● **What is needed**
The material below should be copied line for line, please, with pictures omitted.

● **Stored data**
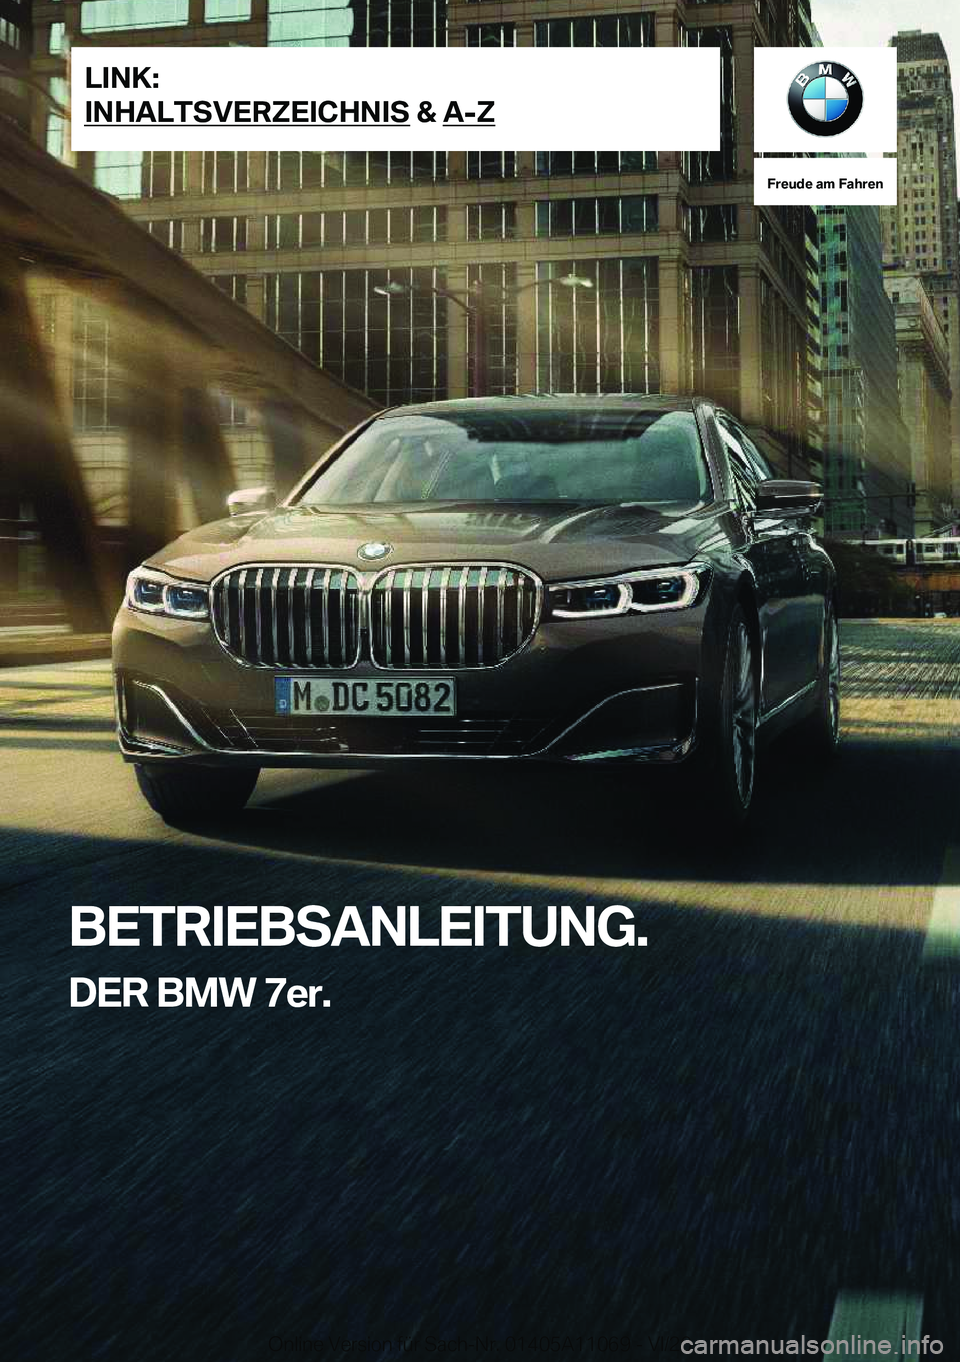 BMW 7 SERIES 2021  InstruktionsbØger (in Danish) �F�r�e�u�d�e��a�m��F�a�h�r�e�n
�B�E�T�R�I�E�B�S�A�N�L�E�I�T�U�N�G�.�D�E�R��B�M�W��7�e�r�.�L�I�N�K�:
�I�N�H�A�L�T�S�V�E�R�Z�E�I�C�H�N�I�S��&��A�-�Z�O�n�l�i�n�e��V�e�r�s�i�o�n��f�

● **Solution to this task**
 BMW 7 SERIES 2021  InstruktionsbØger (in Danish) �F�r�e�u�d�e��a�m��F�a�h�r�e�n
�B�E�T�R�I�E�B�S�A�N�L�E�I�T�U�N�G�.�D�E�R��B�M�W��7�e�r�.�L�I�N�K�:
�I�N�H�A�L�T�S�V�E�R�Z�E�I�C�H�N�I�S��&��A�-�Z�O�n�l�i�n�e��V�e�r�s�i�o�n��f�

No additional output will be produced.